Wednesday, October 30, 2013

School Donor Recognition Wall Art (Mixed Media)

I posted work-in-progress photos of this project here over the summer, and finished it in August. However, it wasn’t until recently that I had a decent chance to get some photos of the finished product.

Late last spring I was commissioned to create artwork to honor donors to a school fundraising campaign.  The school wanted something similar to a tile mosaic piece they had seen pictures of online for a school in another state, depicting a stylized facsimile of the building’s façade with donor names in the windows.  They wanted the finished piece to be around 30 x 40 inches, and it would hang in the school lobby.

I considered attempting to duplicate the sample with a polymer clay mosaic, with lettering embossed in the clay tiles. However, after experimentation, I realized that I just didn’t have the means to emboss scores of names without going through an incredibly slow and mistake-filled process and, besides, I am very inexperienced in working with polymer clay.

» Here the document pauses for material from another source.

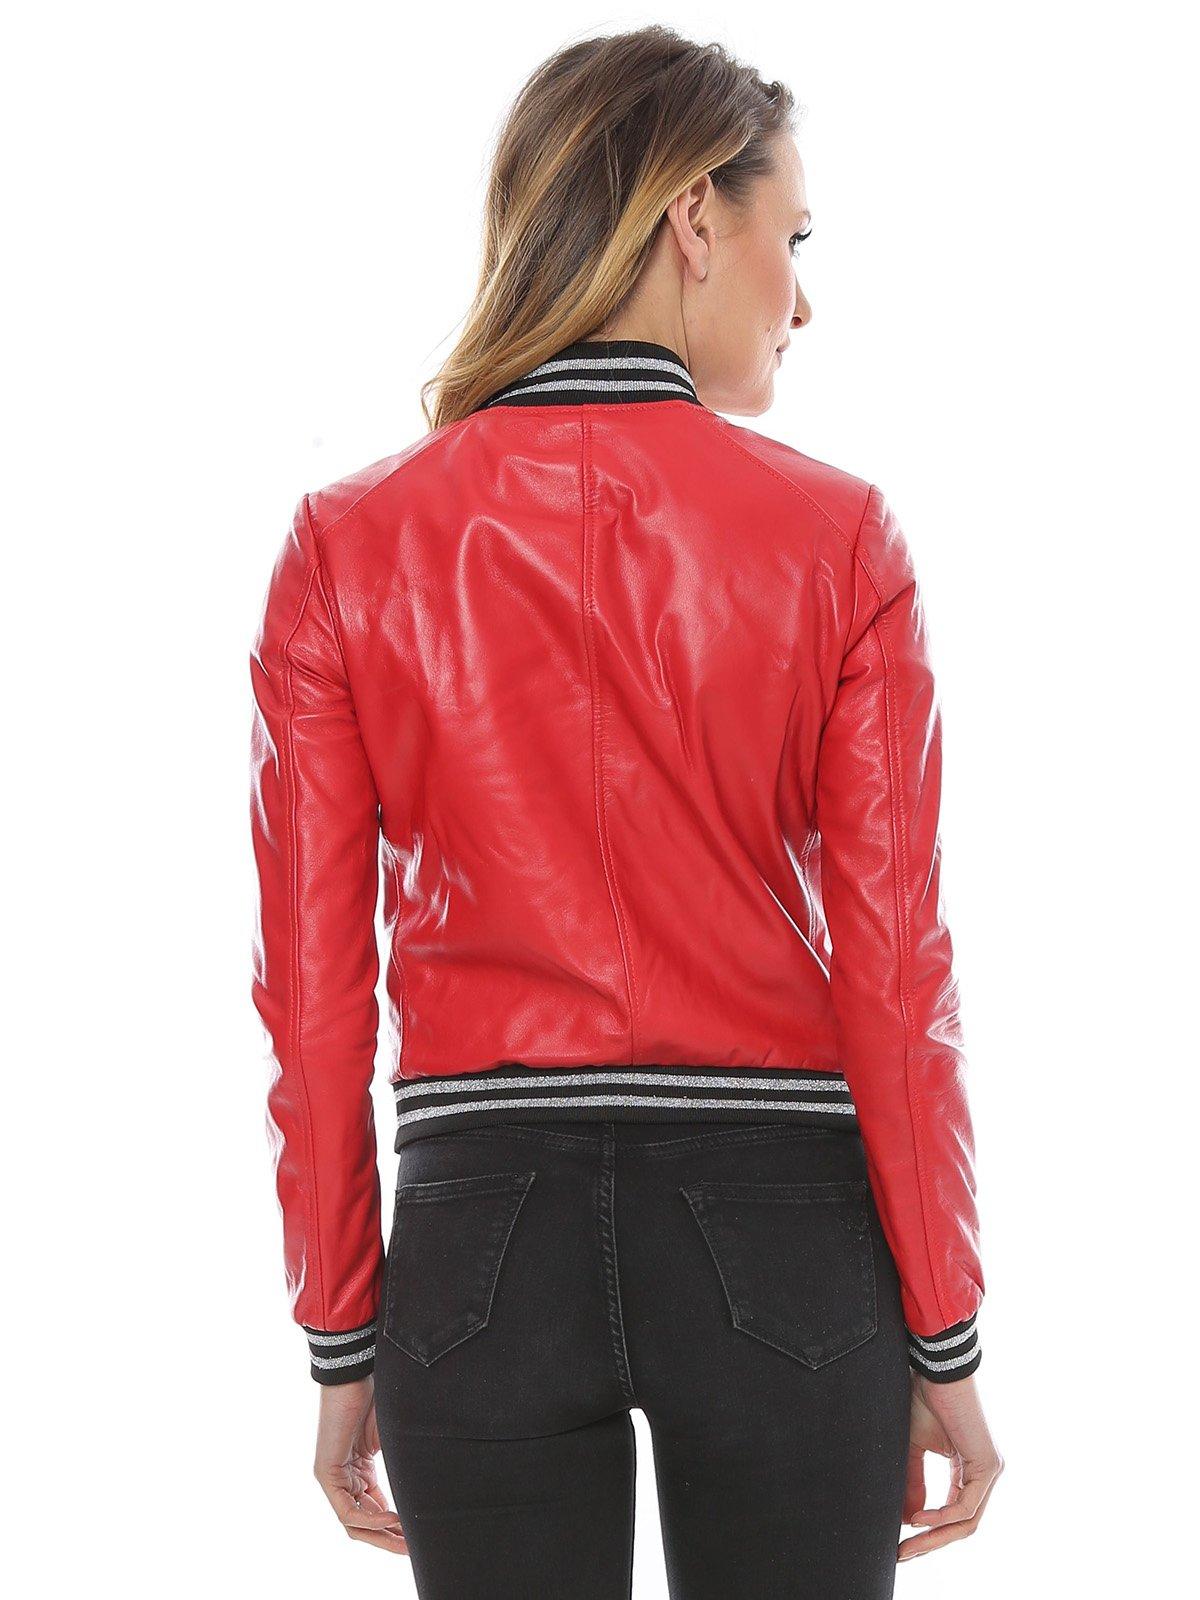 Куртка красная | 3010531 | фото 2
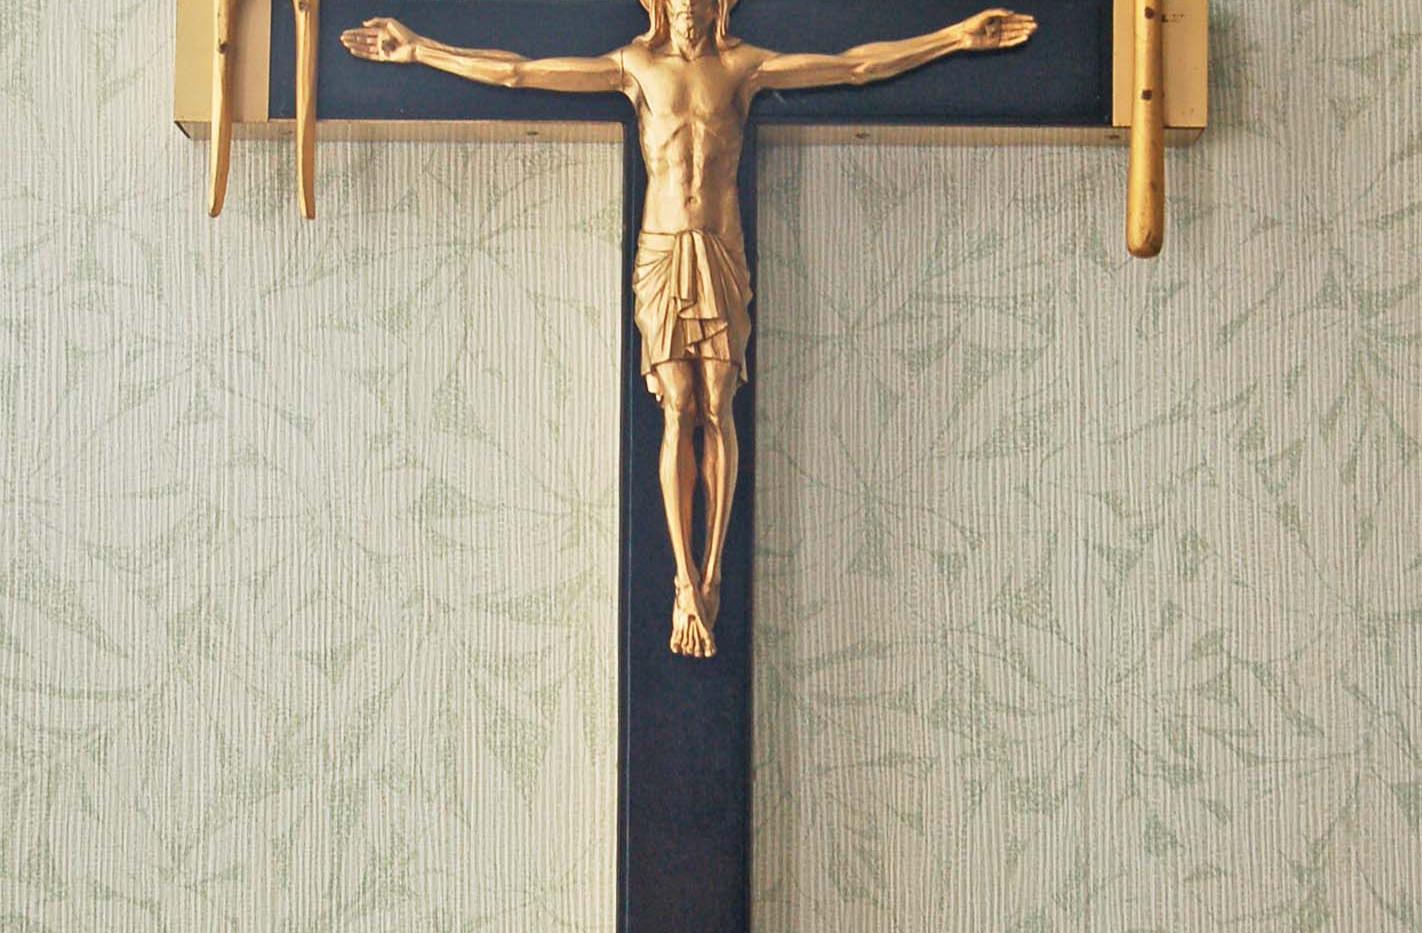 La Salette Pectoral Cross

So I finally decided to create a textured building exterior using acrylic gel mediums (I didn’t have much experience with various fancy gels, either, but I at least knew my way around acrylic paints and matte/gloss mediums.)

I was still puzzled how I was going to do the names, but I somehow stumbled onto acrylic transfers.  I had never heard of acrylic transfers before, but after a test I decided it might work well for the task.

I worked on panel, and used wood scraps and molding to imitate architectural details.  The stone texture was put on with Golden coarse pumice gel sealed with extra gel medium for durability; the plants are painted polymer clay; and the names are acrylic transferred photocopies.

Considering both size and complexity, this is probably the largest commission I have done and the most technically sophisticated project I have attempted.  I am pretty happy with the results, and the people at the school were, too.


I was very impressed with the Golden gel mediums I used, by the way.  Cool stuff, fun to work with.